Senate Joint Resolution 39, sometimes called the “religious freedom bill,” failed during a Missouri House Emerging Issues Committee session today on a 6–6 vote.
“We are grateful to the bipartisan members of the Committee for thoughtfully listening to the voices of Missourians and doing the right thing for our state,” said Jeffrey Mittman, executive director of American Civil Liberties Union of Missouri, in a news release.
SJR 39 stated that religious institutions and businesses had the right to decline goods and services to same-sex couples. The government would not have been able to penalize these organizations for declining goods and services if they proved to have “sincere religious beliefs.”
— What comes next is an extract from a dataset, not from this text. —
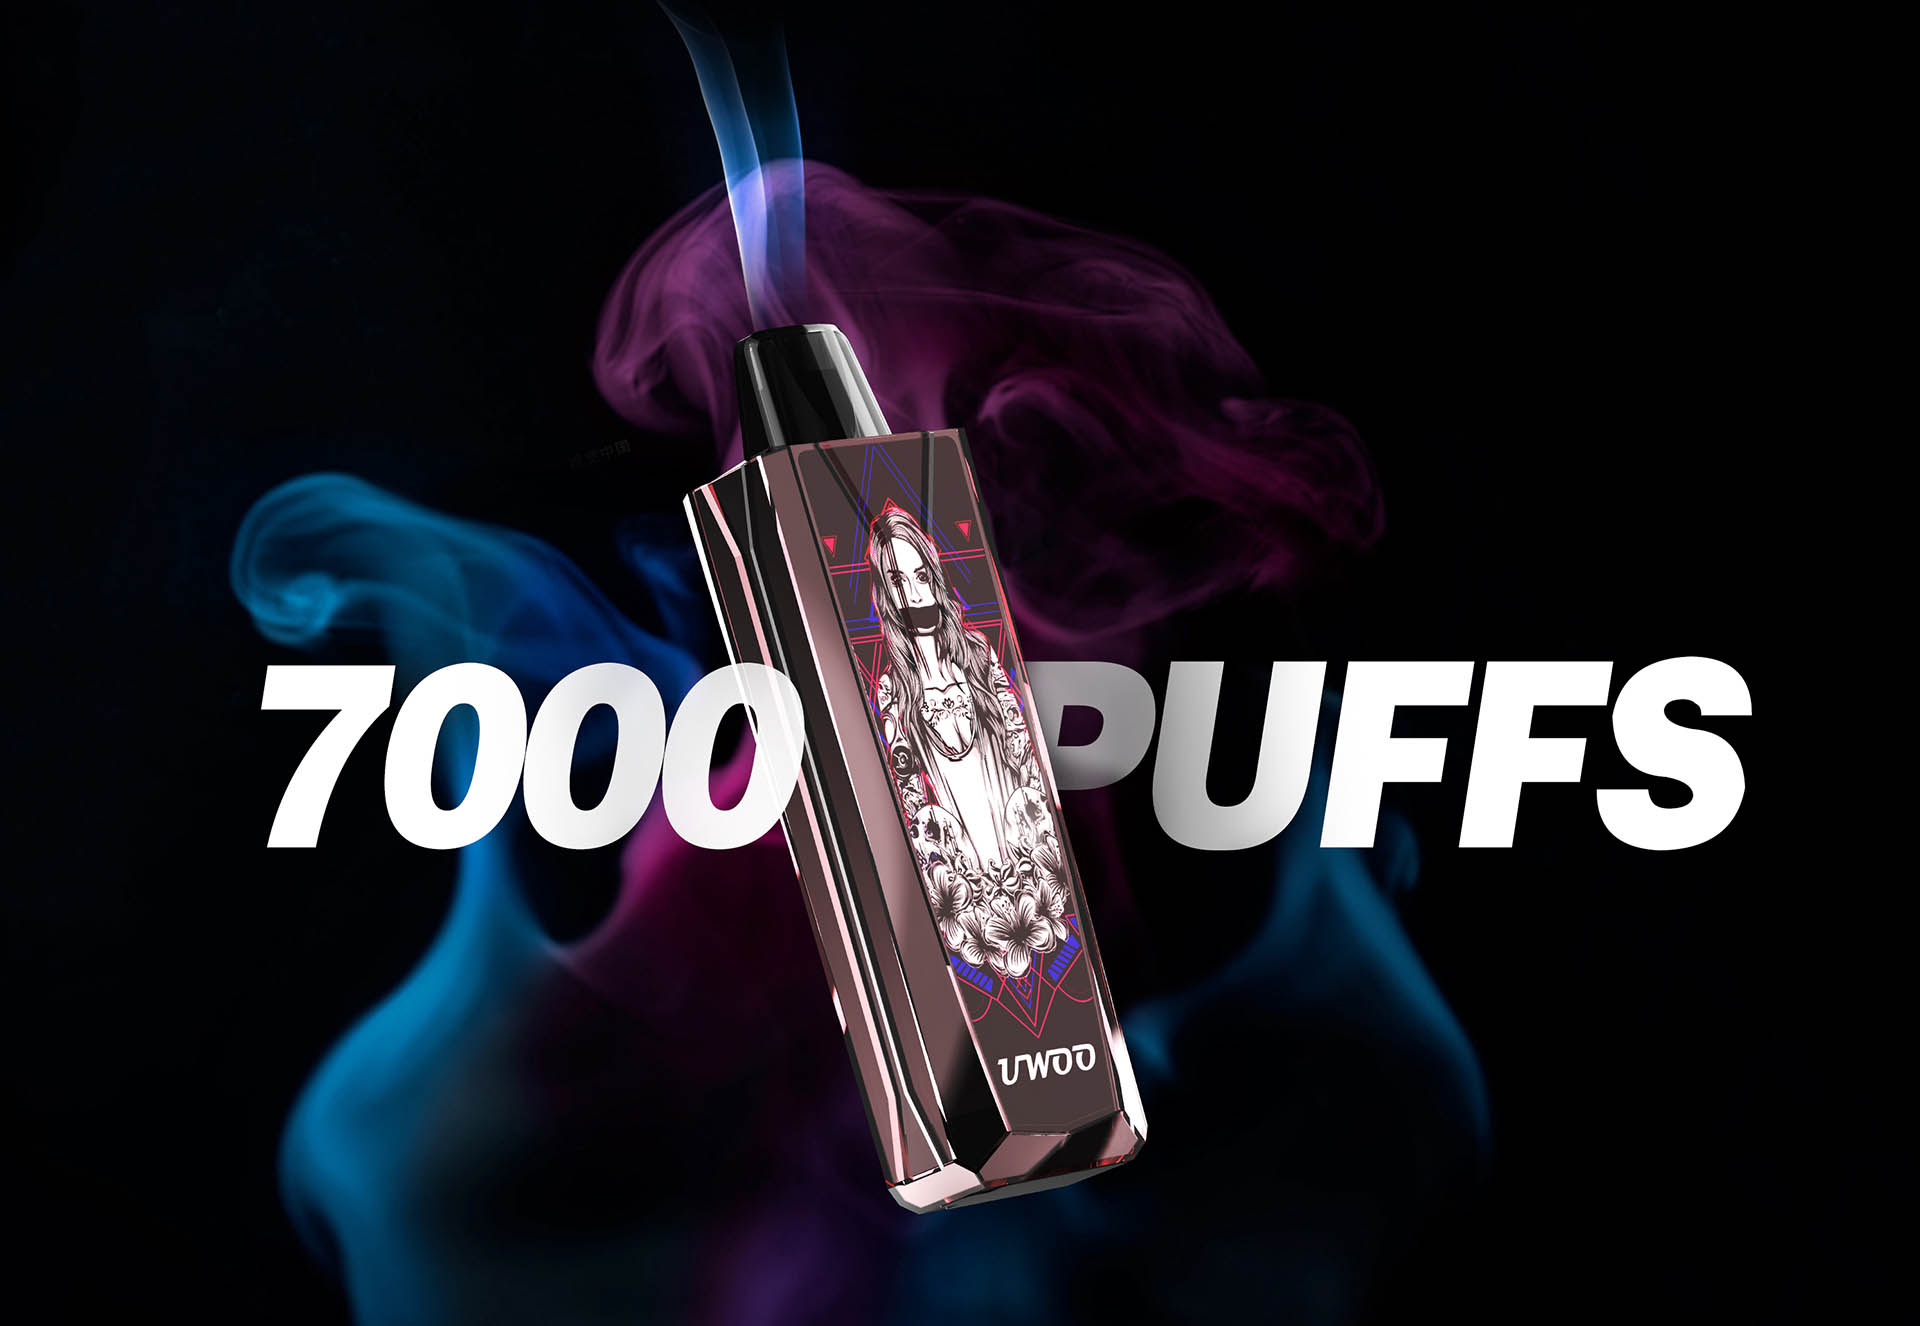 GLACIER 7000 puffs rechargeable vape

The bill’s progression to this vote came with obstacles: a [40-hour filibuster](https://www.themaneater.com/stories/2016/3/10/nearly-40-hour-filibuster-not-enough-anti-lgbtq-le/) in March and a four-hour public testimony April 12 that drew a large crowd.
There has been a lot of backlash nationwide concerning LGBTQ rights in the last year in states such as North Carolina and Mississippi. In Missouri, the House received thousands of emails and over 4,200 petitions opposing SJR 39, according to a news release provided by PROMO, a statewide advocacy organization for LGBTQ equal treatment under the law.
“We’re all Missourians and discrimination against any Missourian is wrong,” Mittman said. “The defeat of SJR affirms this.”